Memorias de Justo Lerancia
Cuanto más sabemos sobre el impacto de las emociones en el comportamiento humano y en los resultados de negocio, más hemos de convencernos de la importancia del optimismo en todas las tareas de la vida. Basten un par de pinceladas al respecto: Las más recientes investigaciones establecen una correlación de hasta el 95% entre el optimismo y la motivación de logro, esa actitud de perseverar hasta alcanzar lo que uno se propone. Luis Rojas Marcos, en su libro “La fuerza del optimismo”, establece que en cualquier contienda entre dos candidatos, gana el más optimista de los dos (no deberían olvidarlo aquellos políticos que fomentan la crispación).
¿Qué es un optimista? Aquél que tiene un especial estilo de respuesta: asume el error como algo puntual, circunstancial, externo y de lo que aprender.
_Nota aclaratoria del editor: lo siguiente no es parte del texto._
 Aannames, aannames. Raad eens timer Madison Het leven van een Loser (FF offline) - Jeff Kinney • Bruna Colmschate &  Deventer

El éxito es, en consecuencia, personal, continuado e interno. El pesimista es quien asume la derrota como permanente y el triunfo como algo momentáneo y no debido a uno mismo. ¿Quién dijo que un pesimista es “un optimista bien informado”? Todo lo contrario: ninguno de nosotros sabe lo suficiente como para (de manera arrogante) quejarse de su suerte. El optimismo no sólo es útil: es una importante medida de salud mental.
Se puede (y se debe) aprender a ser optimista, puesto que, de hecho, el entorno (los medios de comunicación, los profesores, los dirigentes) hacen lo posible por convertirnos en pesimistas. Antes del 11 S, el ratio entre malas y buenas noticias era de 50 a 1. Tras el ataque a las Torres Gemelas, el miedo se ha convertido en el gran arma “informativa”, lo que reduce la autoconfianza y el optimismo de los ciudadanos. Algunas cadenas de radio y televisión locales incluyen “la buena noticia del día” (única, forzada) ante tanta desgracia.
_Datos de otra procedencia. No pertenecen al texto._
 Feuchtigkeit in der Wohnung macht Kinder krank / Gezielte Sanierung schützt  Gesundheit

Debemos reivindicar la importancia del optimismo, de un optimismo maduro, inteligente, que sepa reflexionar con perspectiva y sin victimismos apocalípticos. En términos prácticos, en las organizaciones debemos atraer, mantener y desarrollar a los optimistas, porque los “necrófagos” (los que se alimentan de la calamidad, los que lanzan rumores destructivos y parecen cebarse con el mal ajeno) son dañinos para quienes les rodean. Debemos estimular un estilo optimista en las relaciones laborales (no he conocido a ningún auténtico líder, a cualquier nivel de una organización, que no sea de naturaleza optimista), en los equipos, en la sana ambición del proyecto empresarial.
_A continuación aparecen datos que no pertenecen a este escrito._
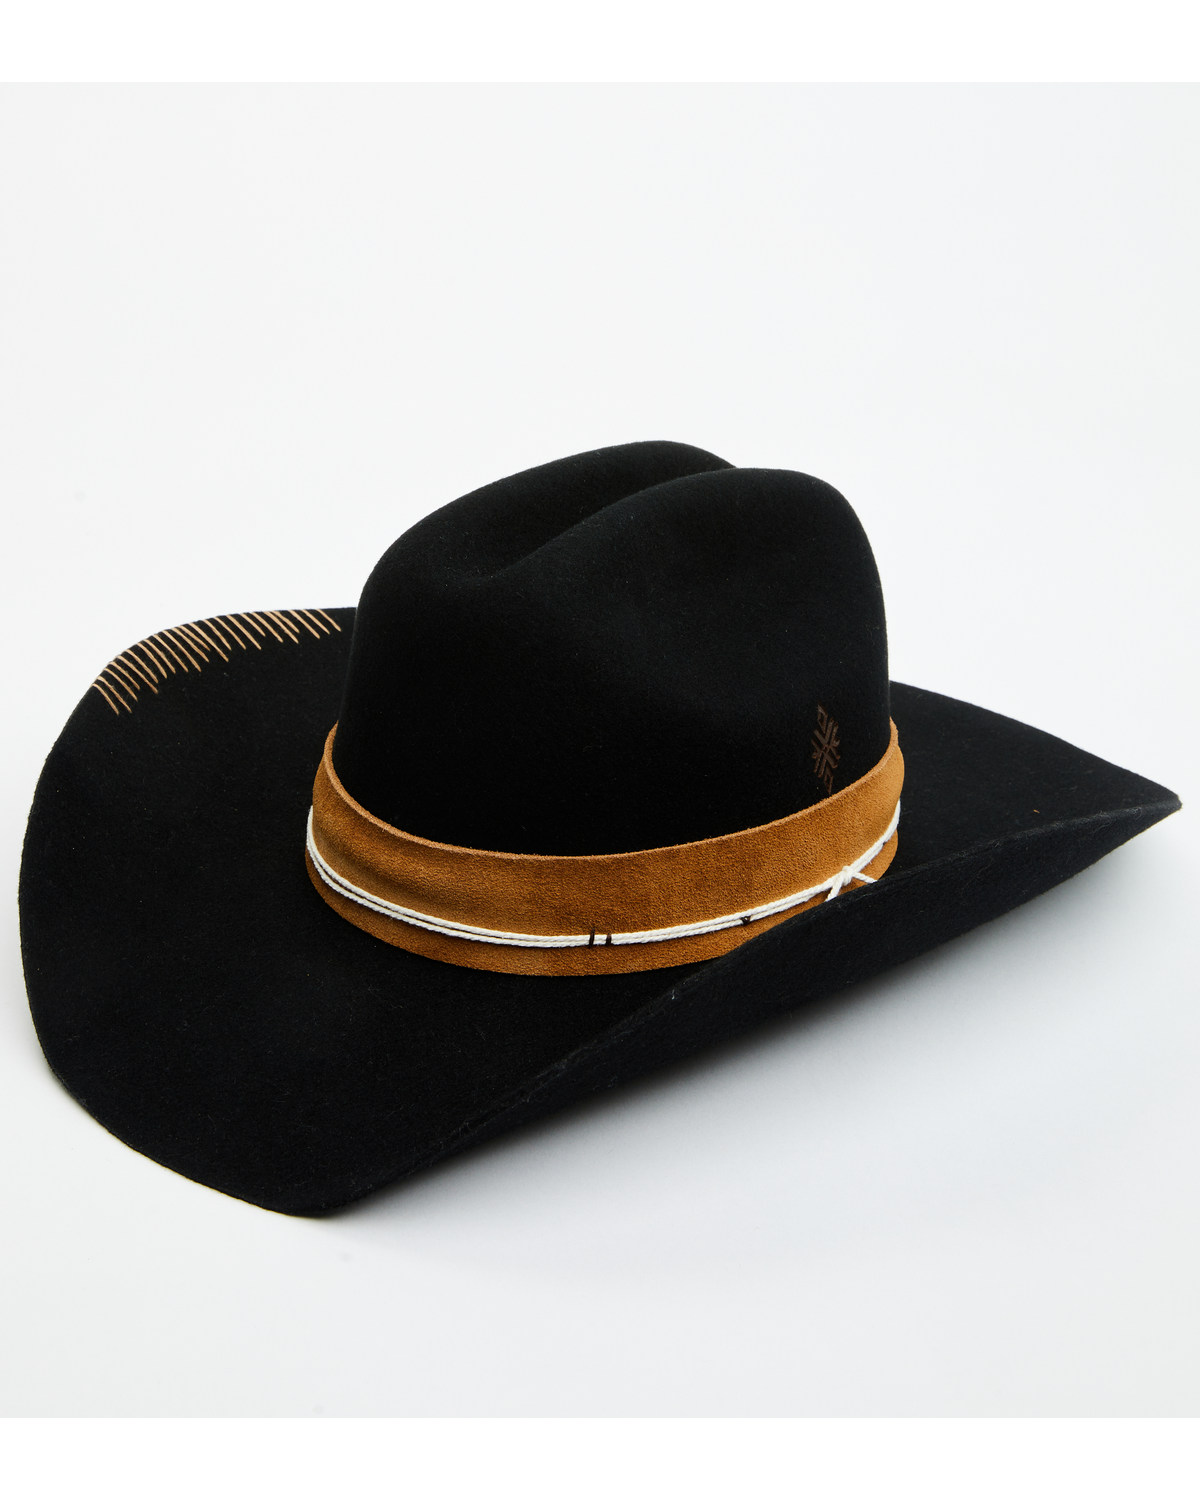 Idyllwind Women's Terranova Felt Cowboy Hat

En el mundo actual, las expectativas determinan en buena medida los resultados finales. Como en toda alta competición, quienes creen que pueden, “tienen razón”; quienes creen que no pueden, también la tienen (razón y emoción son indisociables). Tal es el impacto del optimismo. ¿El optimismo como “disciplina” en las escuelas de negocios, como asignatura en las escuelas, como programa de televisión? No sería ninguna locura. De hecho, es mayor locura no considerar el optimismo en lo que vale, desprestigiar a los optimistas como ingenuos superficiales y seguir reivindicando un estilo de hacer negocios tristón, oscuro, gris y nada atractivo.